Carry none of the pictures over; write out the complete data exactly.

Data extract ->
━━━━━━
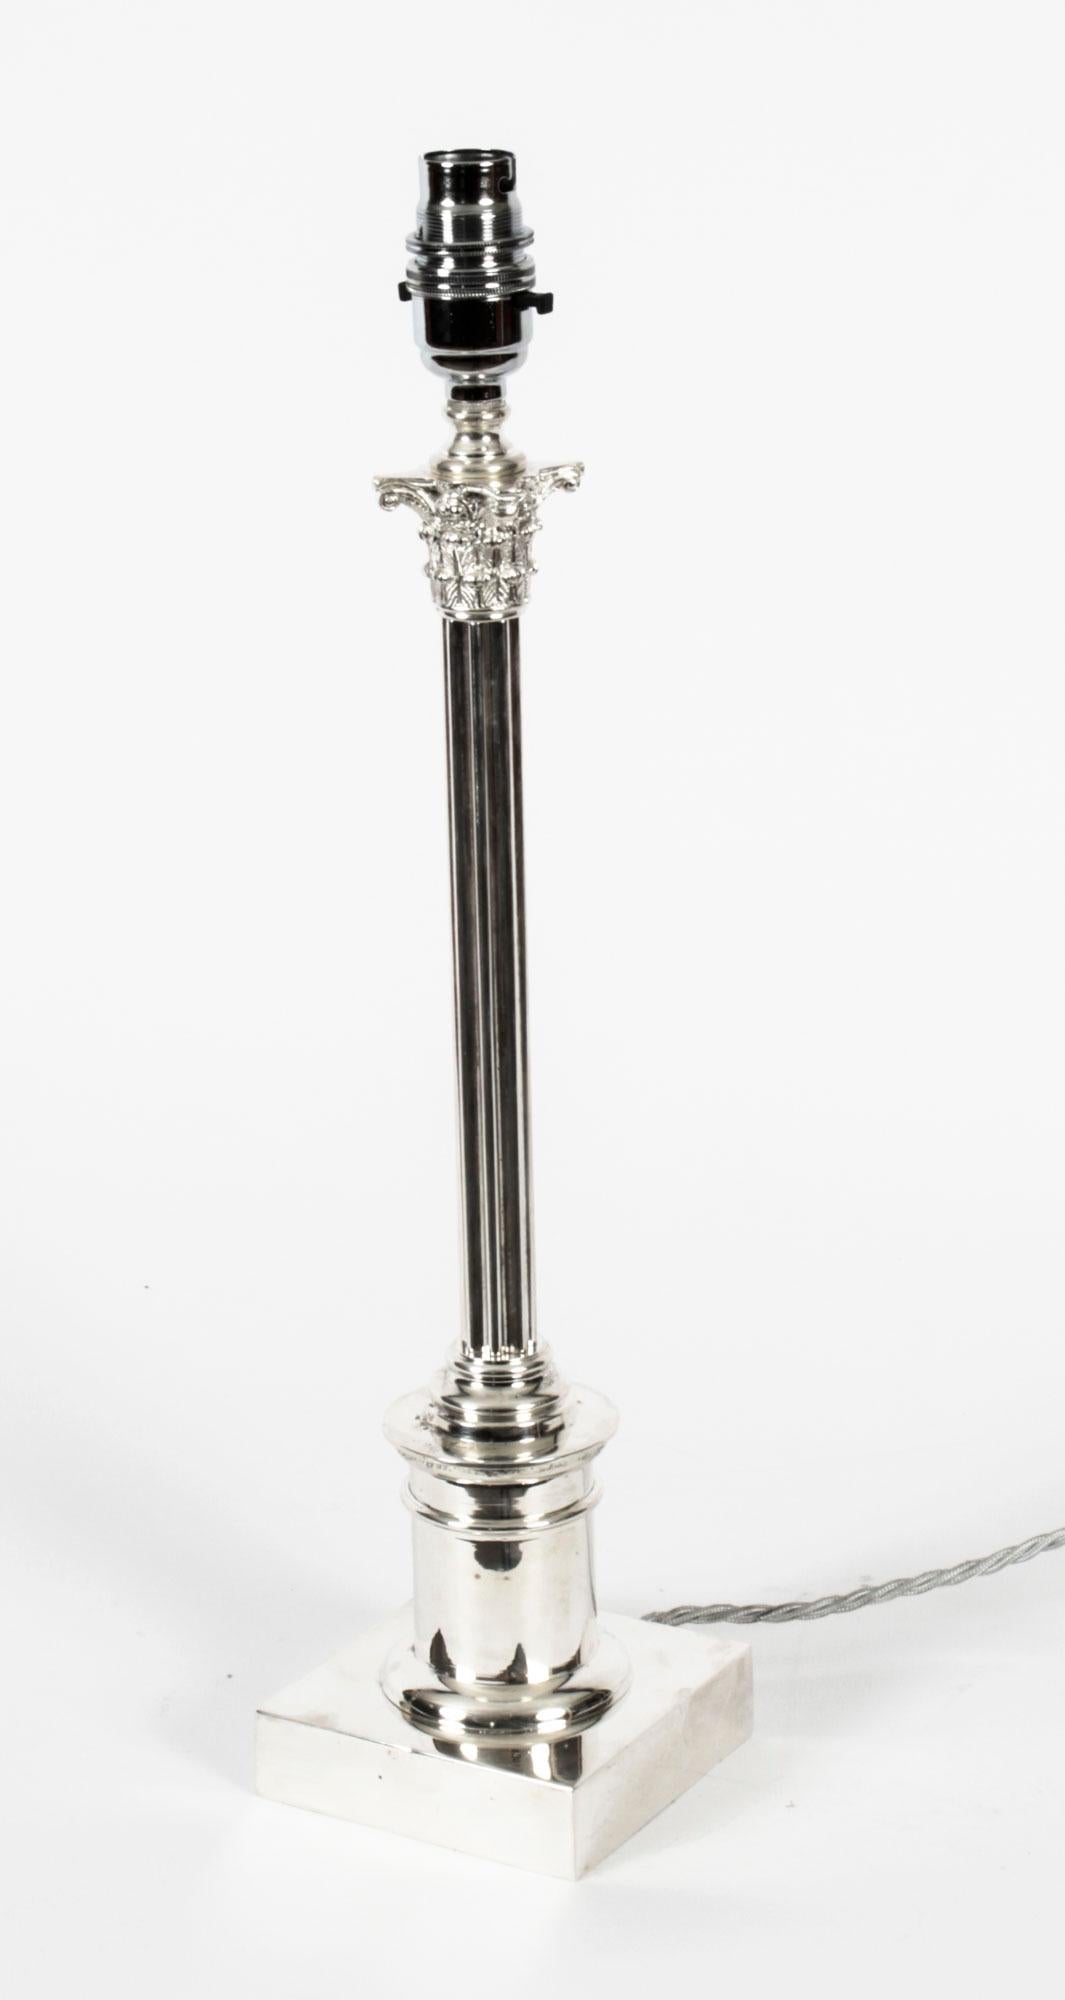 Il s'agit d'une impressionnante lampe de table Edouardienne à colonne corinthienne plaquée argent, datant d'environ 1910.
 
Elle présente un chapiteau corinthien classique décoré de feuilles d'acanthe et d'un anthémion, avec un mince arbre
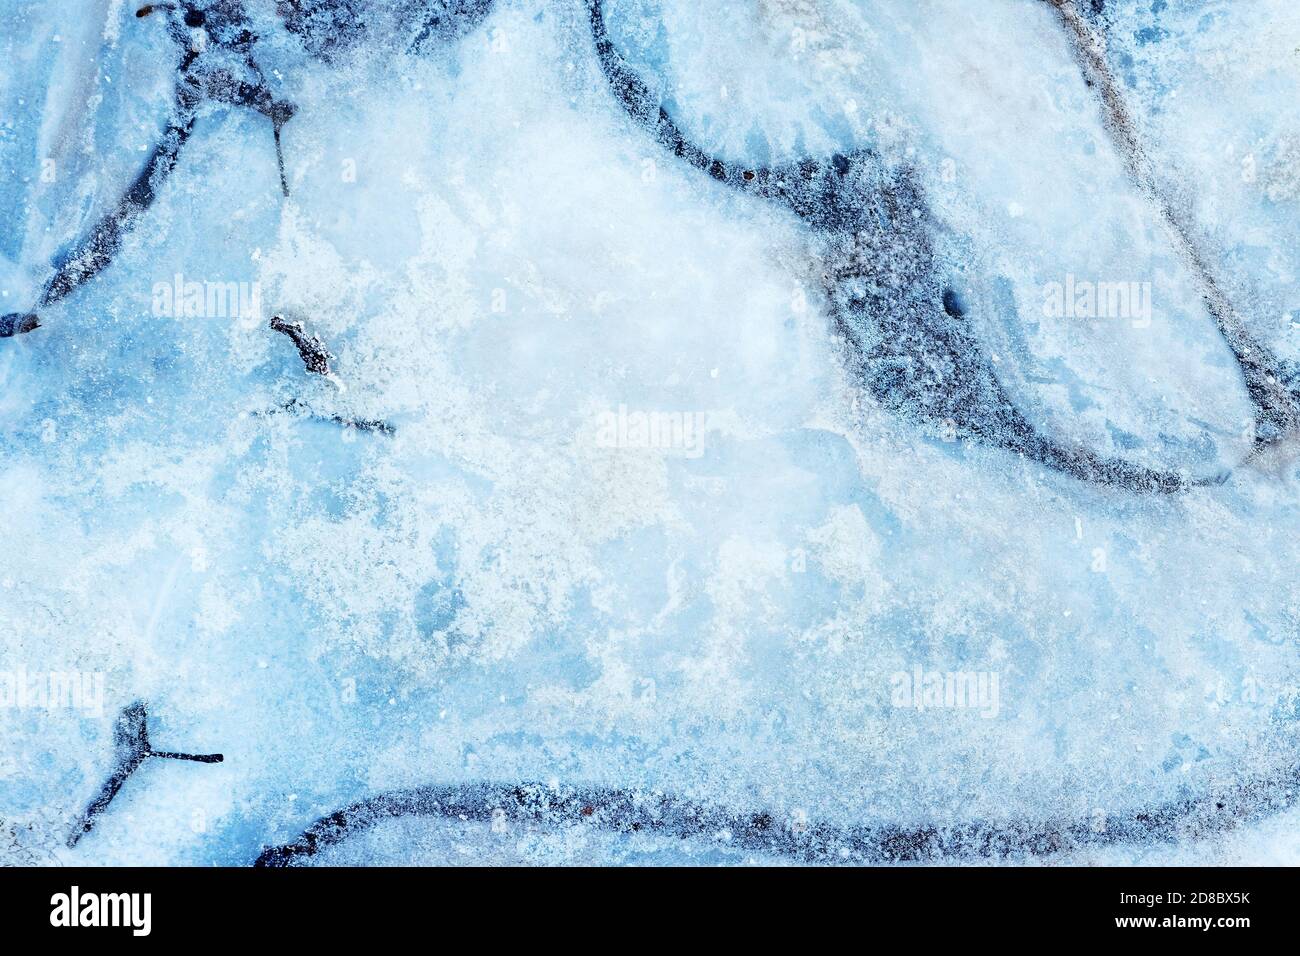 Oberfläche des natürlichen Eises, der im Winter auf dem Wasser bedeckt ist. Eisstruktur mit Zwischenfällen von Frost, Kristallen von gefrorenem Wasser. Stockfoto
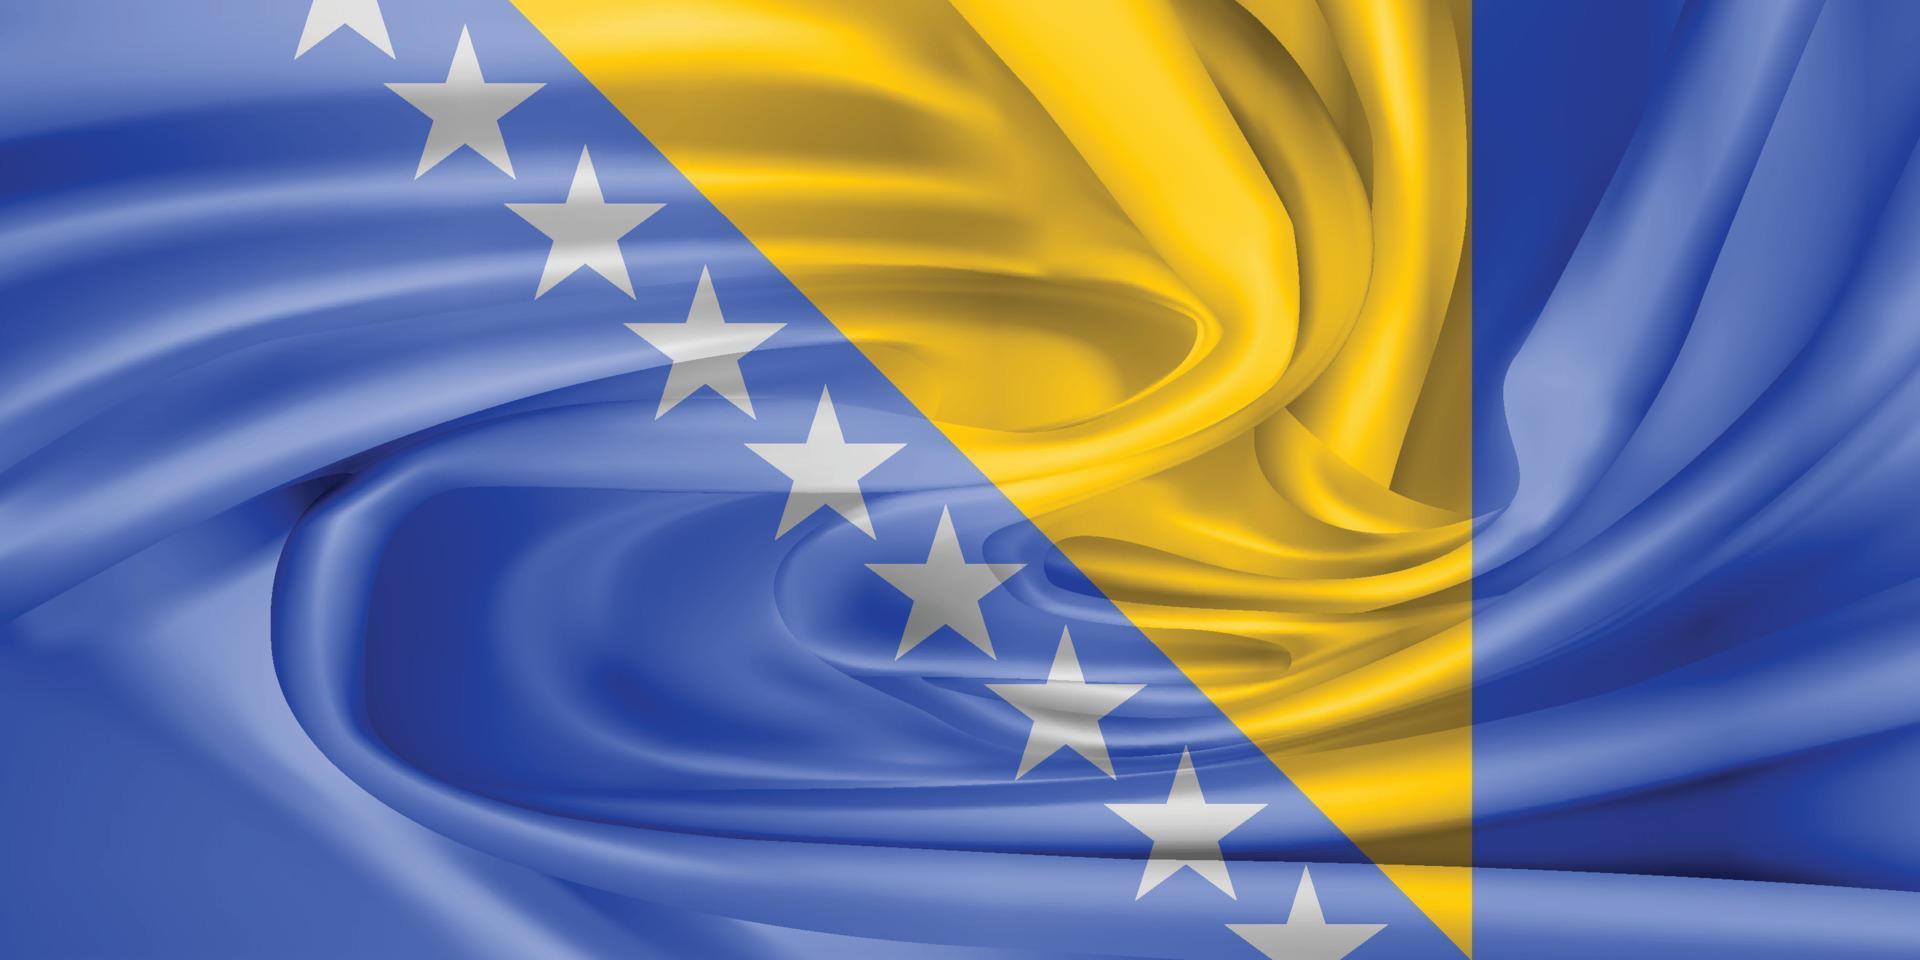 la bandiera nazionale della bosnia ed erzegovina. il simbolo dello stato su tessuto di cotone ondulato. illustrazione vettoriale realistico.sfondo di bandiera con trama di stoffa
━━━━━━
Exercise response ->
 Il s'agit d'une impressionnante lampe de table Edouardienne à colonne corinthienne plaquée argent, datant d'environ 1910.
 
Elle présente un chapiteau corinthien classique décoré de feuilles d'acanthe et d'un anthémion, avec un mince arbre
 Oberfläche des natürlichen Eises, der im Winter auf dem Wasser bedeckt ist. Eisstruktur mit Zwischenfällen von Frost, Kristallen von gefrorenem Wasser. Stockfoto
 la bandiera nazionale della bosnia ed erzegovina. il simbolo dello stato su tessuto di cotone ondulato. illustrazione vettoriale realistico.sfondo di bandiera con trama di stoffa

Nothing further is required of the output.